傍嶋さんのiPadから。グラフィティを知ろうとして歩き集めたGoogleMaps。

傍嶋さん 荒川区で活動しているときから、もっとグラフィティライターたちを理解したいと思って、落書きを見つけてはマッピングして、今でも定点観測を続けています。

相手のことを徹底的に知ろうとしたことで、描いている人の心理もより理解できていますし、同時に、課題も浮き彫りになるんです。

描かれた場所が民間なのか公共なのか、道路に面しているかなど、いつまでも落書きが残り続ける背景には、たとえば複雑化している所有者の問題だったり、屋外広告物という条例が関係していたりもします。

時間がかかる時もありますが、落書きされる背景を深掘りすると、落書きに対してどういう社会環境が必要とされてるのかが見えてくる。問題の真相と本質に近づけるアプローチでもあるんです。

電動工具とユニフォーム
プロの領域で支える2社の動き

落書きを消す作業は、まず溶剤などを使ってスプレーの落書きを落としたり、ステッカーを剥がすなど、壁をきれいに整えてから、白などの塗料できれいにします。

作業の多くは、電動のサンダー(ヤスリのように削るもの)やグラインダー(滑らかに研削するもの)といった電動工具を必要とするので、傍嶋さんたちのプロジェクトチームはボッシュの室井さんに協力をリクエストしました。

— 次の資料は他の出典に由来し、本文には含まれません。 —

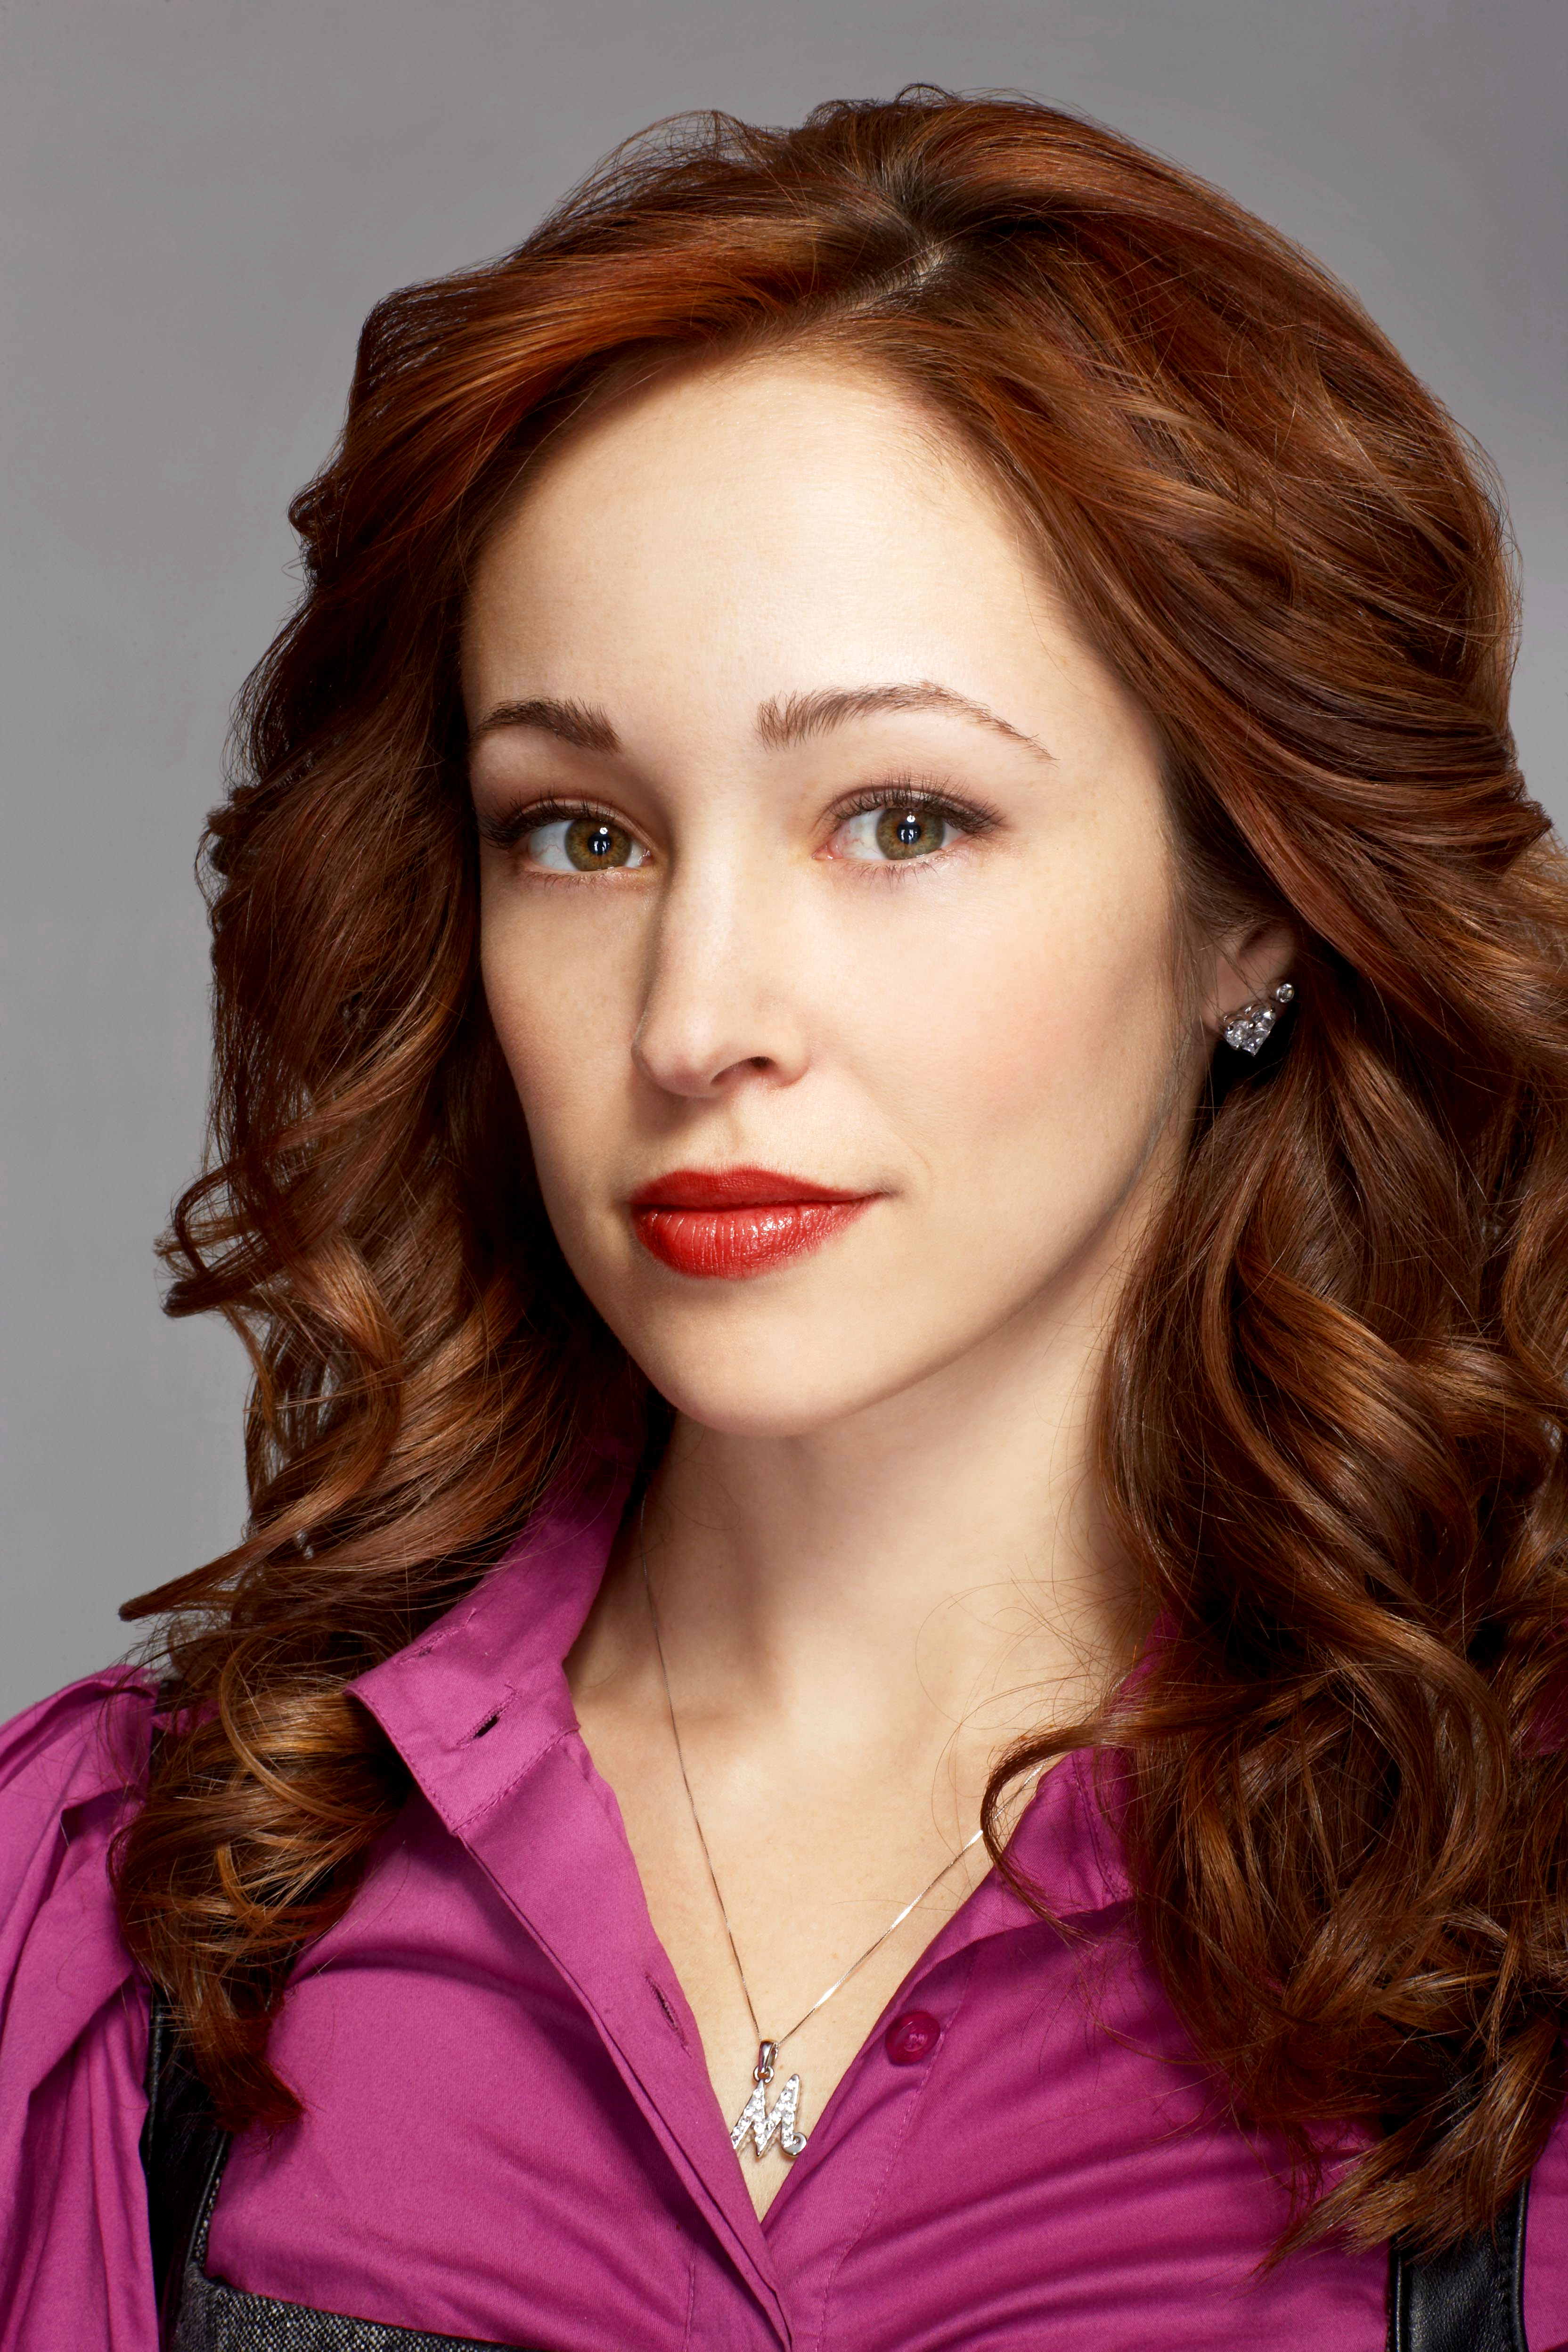 Autumn Reeser stars as Madison in The American Mall (2008)

ボッシュ工具部の方に見せていただいた電動工具の一部。

室井さん 電動工具のご相談をいただき、当初の参加する目的だった、自社製品を活かして渋谷の街づくりに貢献できると思いました。ものづくりの会社だからこそ可能な渋谷との関わりにも魅力を感じて、電動工具の提供をきっかけにこちらのチームに参加することにしました。

どんな道具があればより効率的なのかを明確にするために、当社工具部のマスターと傍島さんを引き合わせて、具体的な使い方などを聞きながら、最終的に落書きを消すための高圧洗浄機やコードレスディスクグラインダーなど電動工具29点を選出しました。

それらを弊社からは渋谷区へ提供し、CLEAN&ARTは渋谷区への申請を経て工具を借りというスキームにすることで、現在、他の団体も渋谷区に申請してもらえれば工具が利用可能になっています。


こちらの動画では、ボッシュの工具を使って壁をきれいにする様子が紹介されています

区を通して電動工具を提供する仕組みは、行政と企業が協働する公民連携ならではの画期的な事例といえそうです。渋谷のまちづくりに向けたボッシュの思いが、より持続性を含めた形で新しい可能性をつくり出しました。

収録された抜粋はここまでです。